Con toda justicia, Freud ha
centrado su crítica sobre el sueño. Es inadmisible, en efecto, que una parte
tan considerable de la actividad psíquica haya retenido tan poco la atención de
las gentes hasta ahora, ya que, desde el nacimiento hasta la muerte, no
presentando el pensamiento ninguna solución de continuidad, la suma de los
momentos de sueño, medidos como tiempo, y no tomando en cuenta sino el sueño
puro, en el dormir, no es inferior a la suma de los momentos de realidad,
digamos mejor: de los momentos de vigilia.
La extrema diferencia de
importancia, de seriedad, que existe para el observador común entre los
acontecimientos de la vigilia y los del sueño, me ha sorprendido siempre. Se
debe a que el hombre, cuando cesa de dormir, se convierte ante todo en juguete
de su memoria. En estado normal, ésta se complace en exponerle muy vagamente
las circunstancias del sueño, en privar a este último de toda consecuencia
actual, haciendo partir la causa determinante del punto en que se cree haberla
dejado algunas horas antes: esta esperanza sólida, aquella preocupación. El
hombre se forja así la ilusión de continuar con algo que tiene valor. Queda el
sueño limitado a un paréntesis, como la noche. Y no es mejor consejero que
ésta. Tan singular estado de cosas merece algunas reflexiones:
1° Dentro de los límites en que se
desarrolla (o parece desarrollarse), el sueño se nos presenta como continuo y
poseyendo trazas de organización. Sólo la memoria se arroga el derecho de
efectuar cortes, de prescindir de las transiciones, ofreciéndonos más bien una
serie de sueños.
2° Me veo obligado a considerar el
estado de vigilia como un fenómeno de interferencia.

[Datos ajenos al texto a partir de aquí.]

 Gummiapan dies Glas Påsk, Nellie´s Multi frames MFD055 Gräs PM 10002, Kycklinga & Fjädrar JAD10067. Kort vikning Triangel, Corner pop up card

En tal condición el
espíritu muestra no solamente una extraña tendencia a la desorientación, sino
que hasta en su funcionamiento normal parece sólo obedecer a sugestiones
procedentes de esa noche profunda con la que lo vinculo.

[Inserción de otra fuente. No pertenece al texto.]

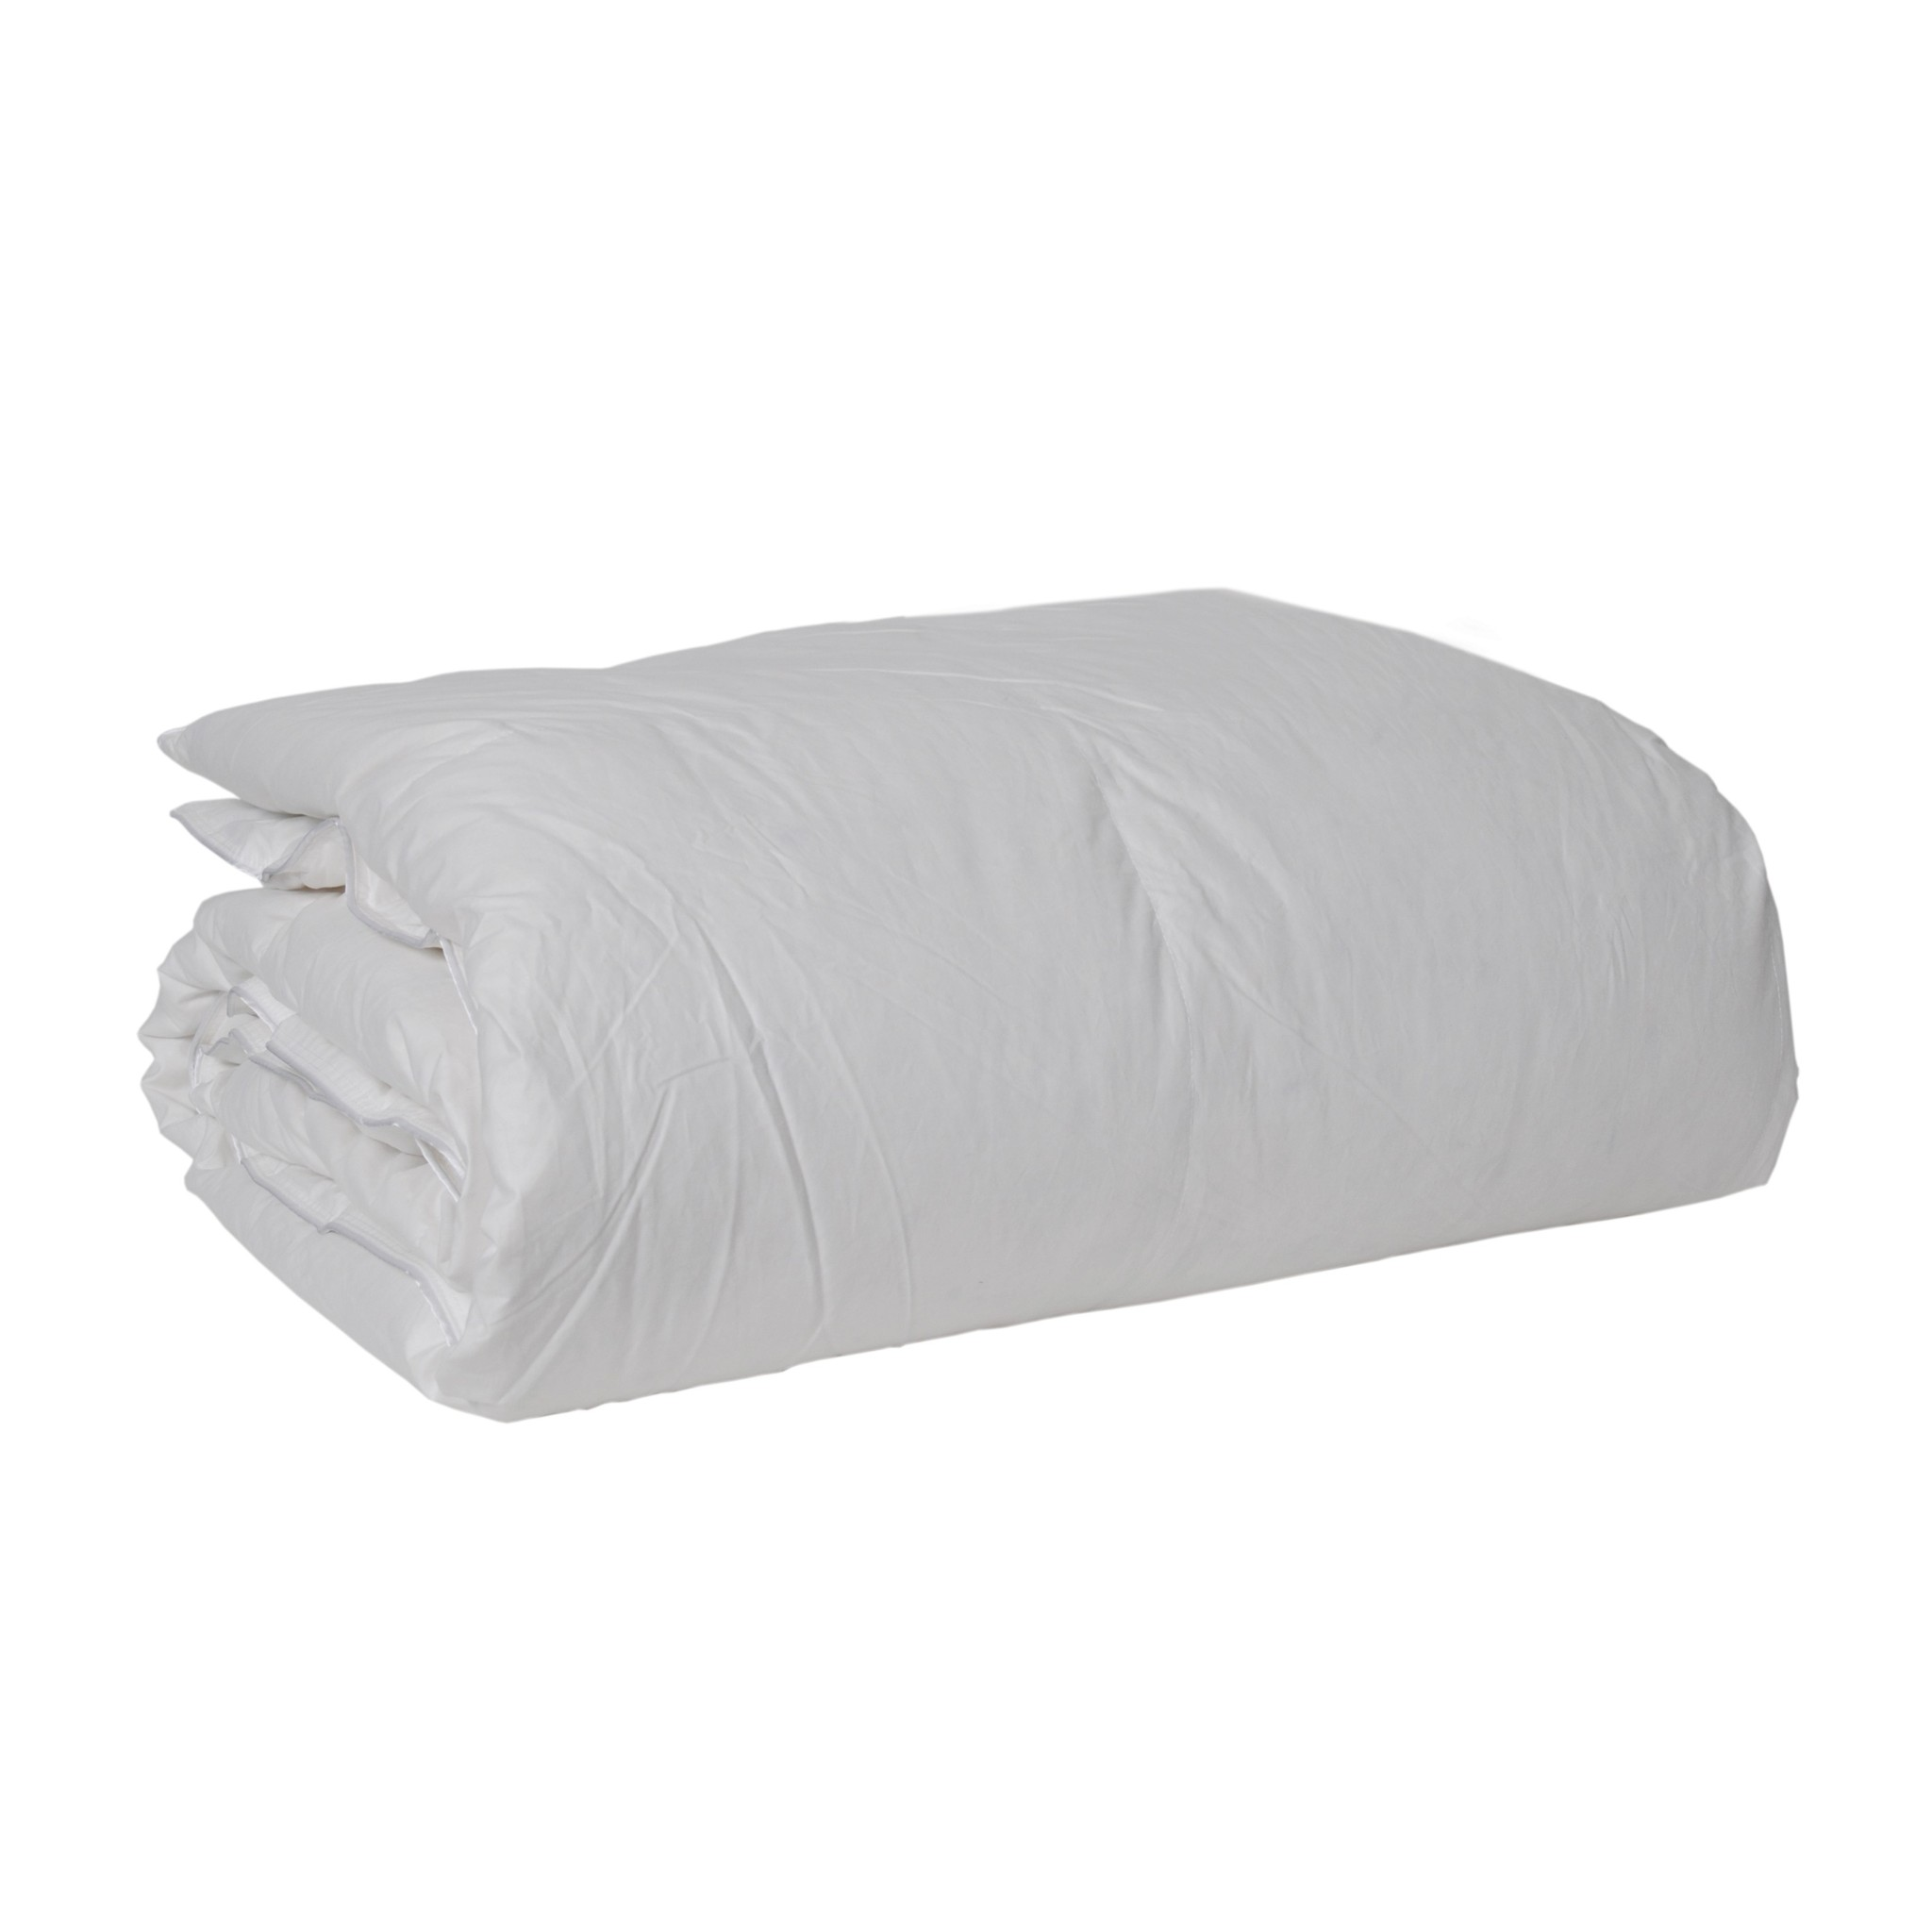 Элитное одеяло пуховое 195х215 Therapy Quilt от Casual Avenue

3° El espíritu del que sueña se
satisface ampliamente con cuanto le ocurre. El angustioso dilema de la posibilidad
ya no se plantea. Mata, vuela más velozmente, ama todo lo que quieras, y si
mueres; ¿no estás seguro de que despertarás de entre los muertos? Déjate
llevar; los acontecimientos no admiten que los postergues.
4° Desde el momento en que se lo
someta a un examen metódico y en que se logre tener idea del sueño en su
totalidad (lo que presupone una disciplina de la memoria), se puede esperar que
desaparezcan los misterios que no existen para dar lugar al Gran Misterio. Yo
creo firmemente en la fusión futura de esos dos estados, aparentemente tan
contradictorios, el sueño y la realidad, en una especie de realidad absoluta,
de superrealidad.
Aquí fue mi intención tan sólo
poner en claro que el odio hacia lo maravilloso y el deseo de ridiculizarlo
corroe a ciertos hombres. Terminemos de una vez: lo maravilloso es siempre
bello, cualquier especie de maravilloso es bello, y no hay nada fuera de lo
maravilloso que sea bello.
Lo maravilloso ha sido el alimento
constante de las literaturas nórdicas y orientales, sin hacer mención de las
literaturas religiosas de todos los países. Pero las facultades no cambian
radicalmente: el miedo, la atracción por lo insólito, las oportunidades, el
gusto por el lujo son resortes a los que nunca se recurrirá en vano. Quedan por
escribir cuentos para adultos, cuentos que han de ser casi fábulas también.
Estando, por entonces, totalmente
absorbido por Freud, con cuyos métodos de examen me había familiarizado, decidí
obtener de mí mismo lo que se busca obtener de ellos, es decir, un monólogo de
elocución lo más rápido posible, sobre el cual el espíritu crítico del sujeto
no pudiera dirigir ningún juicio; que no estuviera trabado por ninguna
reticencia ulterior; que constituyera, en fin, lo más exactamente posible, un
pensamiento parlante. Me ha parecido siempre que la velocidad del pensamiento
no es superior a la de la palabra, de modo que no supera fatalmente ni a la
lengua, ni siquiera a la pluma que escribe.
Fue con esta disposición de
espíritu que Philippe Soupault, a quien había hecho partícipe de mis primeras
conclusiones, y yo, nos pusimos a borronear cuartillas, con loable menosprecio
por las consecuencias literarias de esta empresa. La facilidad de realización
hizo el resto. Al cabo del primer día nos leímos unas cincuenta páginas obtenidas
con dicho procedimiento, y nos pusimos a comparar los resultados.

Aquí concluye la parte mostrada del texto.